Рассматривая текст, Тереза вдруг подумала, что он ничего не сказал о вознаграждении за ее работу. Конечно, он лечит Хооса, и она не хочет быть неблагодарной, но, когда кончатся деньги, вырученные за медвежью голову, ей нечем будет платить за еду и жилье. Девушка не знала, как спросить об этом, но Алкуин, казалось, опять прочитал ее мысли.
– Что касается оплаты твоего труда, – сказал он, – то я буду давать тебе ежедневно два фунта хлеба и овощи. Кроме того, ты можешь оставить себе этот плащ, и я обещаю достать тебе новые башмаки, чтобы ты не мерзла.
Тереза сочла это достаточным, так как прикинула, что будет занята только до ужина, а ужин в монастыре бывает не очень поздно. Значит, она еще сможет помогать Хельге Чернушке в таверне.
Она села к пюпитру и начала писать. Алкуин, надевая шерстяной плащ, наблюдал за ней.
– Если в мое отсутствие ты захочешь повидать Хооса, обратись в служке и покажи ему это кольцо. – Алкуин дал ей скромное бронзовое колечко. – Он тебя проводит. Я вернусь через пару часов и проверю, как твои успехи. Тебе нравится суп?
– Да, очень.
– Скажи на кухне, чтобы тебе приготовили ужин. – Он ушел и оставил ее наедине с текстом.
Алкуин объяснил, что распорядок дня в монастыре подчинен церковным службам, которые происходят каждые три часа. День начинается на рассвете с примы, и после завтрака монахи расходятся по работам. В девять служат терцию, и именно этот час будет началом ее трудового дня. В двенадцать, сразу после обеда, все собираются на сексту, в три часа – на нону, в шесть – на вечерню, в девять, после ужина, бывает последняя служба. Окончание ее работы будет зависеть от того, сколько листов она переписала за день.

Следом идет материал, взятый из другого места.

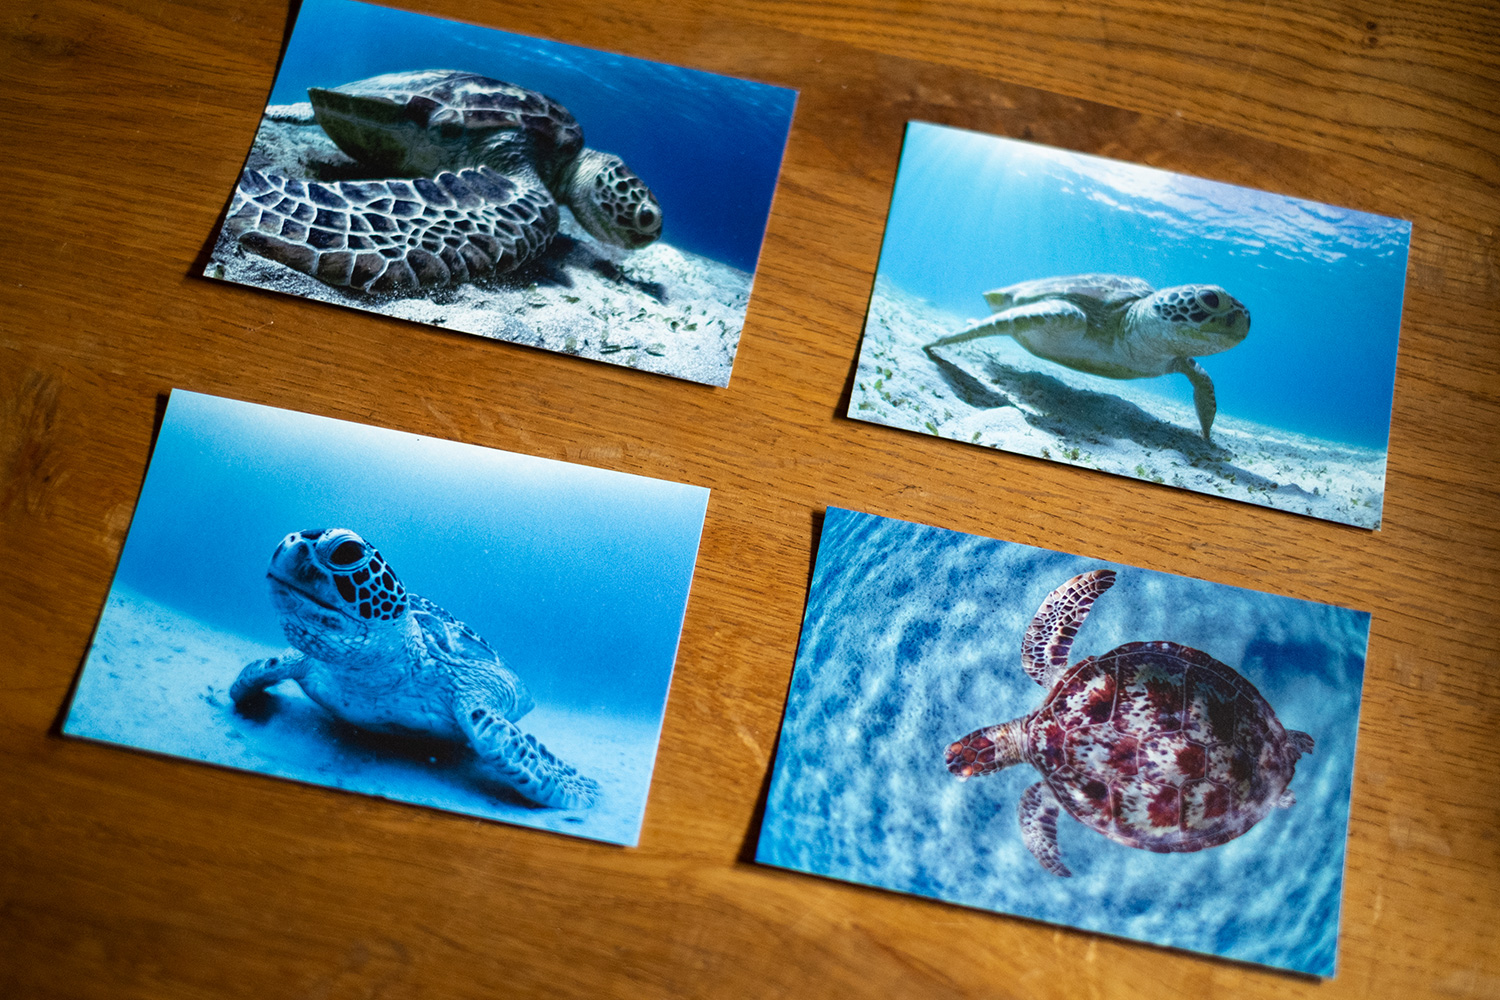 加計呂麻島アオウミガメのポストカード発売

Тереза обмакнула перо в чернильницу, перекрестилась и начала писать, вкладывая душу в каждую букву. Она старалась точно копировать все линии, наклон, расположение, размер… И когда страница наполнилась прекрасными значками, которые сложились в слова, а слова – в исполненные глубокого смысла строки, она вспомнила отца, вдохновлявшего ее на достижение благородных целей. Ей стало грустно и захотелось оказаться рядом с ним, но она прогнала печаль и продолжила свою работу со всем усердием, на какое была способна.
12
«Haec studia adulescenciam alunt, senectutem oblectant, se-
– Нет, нет и еще раз нет! – в раздражении воскликнул Алкуин, обращаясь к молодому человеку, которого епископ дал ему в помощники. – Прошло уже три дня, а ты все еще не научился! Сколько раз тебе повторять, что перо нужно держать перпендикулярно пергаменту, иначе ничего не получится!

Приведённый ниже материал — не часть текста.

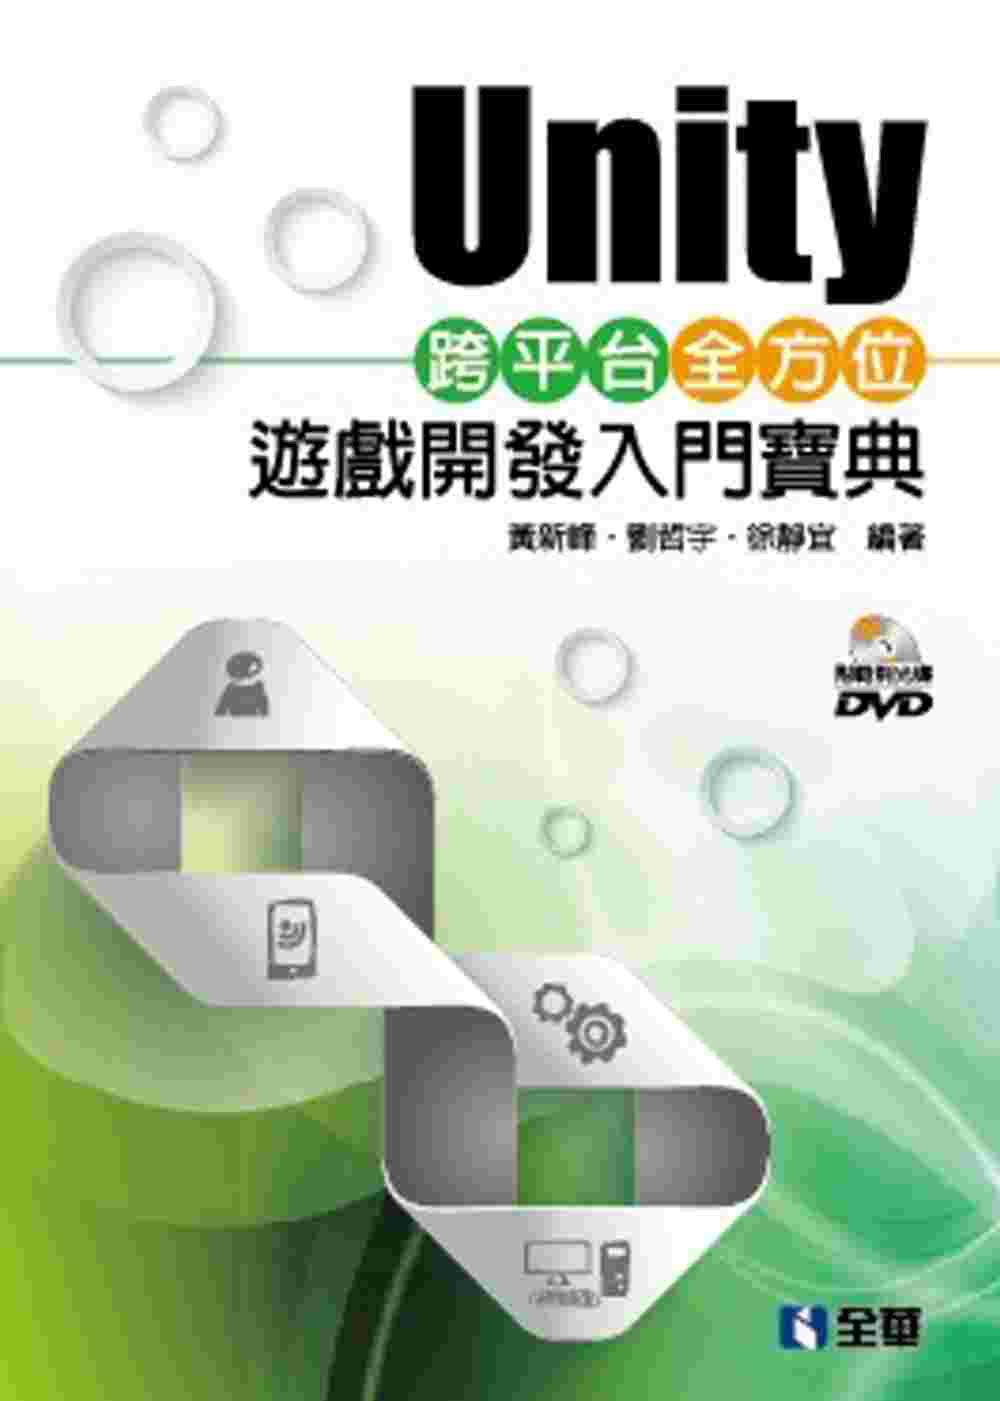 Unity跨平台全方位遊戲開發入門寶典(附範例光碟)

Послушник опустил голову, пробормотав какое-то извинение. За сегодняшний день он уже второй раз получал нагоняй.
– И вот еще, смотри. Нужно писать не «haec», а «hæc», и не «praebent», а «рræbent», парень! «Præbent»! Кто, ты думаешь, разберет эту… тарабарщину? Ну ладно, – заключил он, – закончим на сегодня. Уже пора ужинать, мы оба устали, продолжим в понедельник. Ты отдохнешь, сосредоточишься, я успокоюсь, тогда и вернемся к этому.
Юноша понуро встал. Ему не нравилась эта работа, но епископ приказал помогать Алкуину во всем, о чем тот попросит. Он насыпал немного гипсовой пыли на только что посаженную кляксу, чтобы промокнуть ее, но только хуже размазал. Увидев, что ничего не вышло, он собрал свои инструменты и, небрежно вытерев их, сложил в деревянный ящик. Затем сдул остатки белой пыли, а прилипшие к кляксе кусочки гипса смел маленькой кисточкой. Подточил перо, слегка прополоскал его, оставил на пюпитре рядом с кодексом и побежал за Алкуином, который уже исчез в коридоре, ведущем к старинному перистилю соборного капитула.
– Учитель, учитель! – закричал юноша. – Ведь в понедельник состоится казнь!
– Казнь? Пресвятой Боже, я и забыл, – сказал Алкуин, в задумчивости почесывая затылок. – Ну что ж, даже если мы не знаем, в чем обвиняют преступника, наш долг – навестить его в этот страшный час. Епископ будет?
– Со всем соборным капитулом, – ответил горе-помощник.
– Тогда во вторник, парень, после завтрака.
– А вы разве не идете на ужин?
– Нет. От вечерней еды не только в желудке тяжесть, но и чувства притупляются. К тому же я должен закончить «
– И с вами, отец. Спокойной ночи.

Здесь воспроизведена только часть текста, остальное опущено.